The hotel was constructed in 1925 through the initiative of Léonard Tauber and Constant Baverez, co-founders of the Regina (1900) and the Majestic (1908). It was constructed in the Golden Twenties era and designed by architect André Rousselot. Decorated in the Art Deco style, it was named as a tribute to the painter Raphael and the fine arts.
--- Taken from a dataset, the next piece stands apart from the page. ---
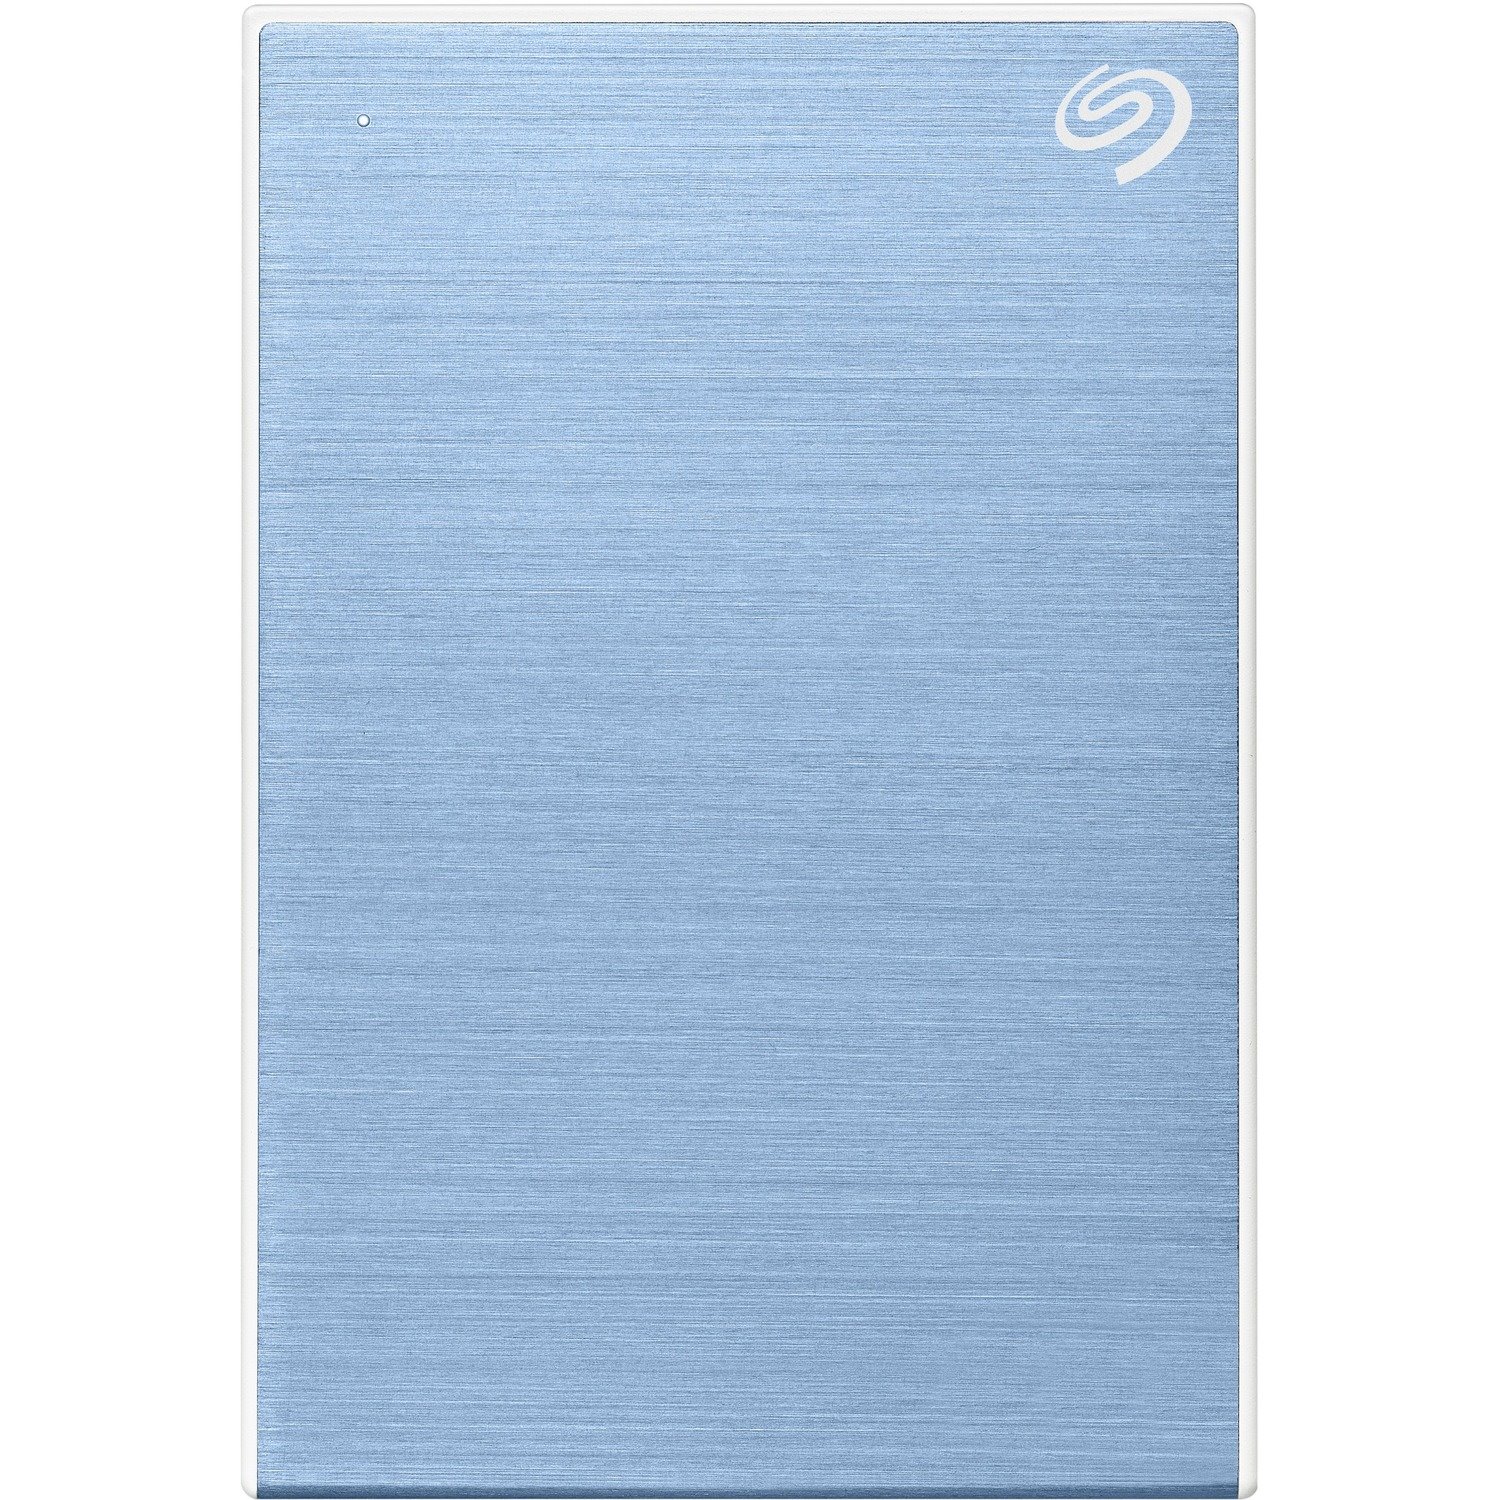 Seagate Backup Plus Slim STHN2000402 2 TB Portable Hard Drive - External - Light Blue

The hotel has been a popular venue for well-known French and international artists, politicians and famous personalities. A number of films have been shot there, including Love in Paris (1996), Place Vendôme (1998), and the short Hotel Chevalier (2007). Scenes from the hotel have also been used in Le Magnifique (1973), Gramps Is in the Resistance (Papy fait de la résistance, 1983), and Mr. and Mrs. Bridge (1990). The Raphael became the base of operations and home to the Hollywood company of Gigi (1958) when they filmed in Paris in 1957. Lyricist and screenwriter Alan Jay Lerner and his collaborator, composer Frederick Loewe, wrote most of their celebrated Gigi score in their suite. The hotel's sixth floor was turned into the film company's production offices for the duration of the shoot.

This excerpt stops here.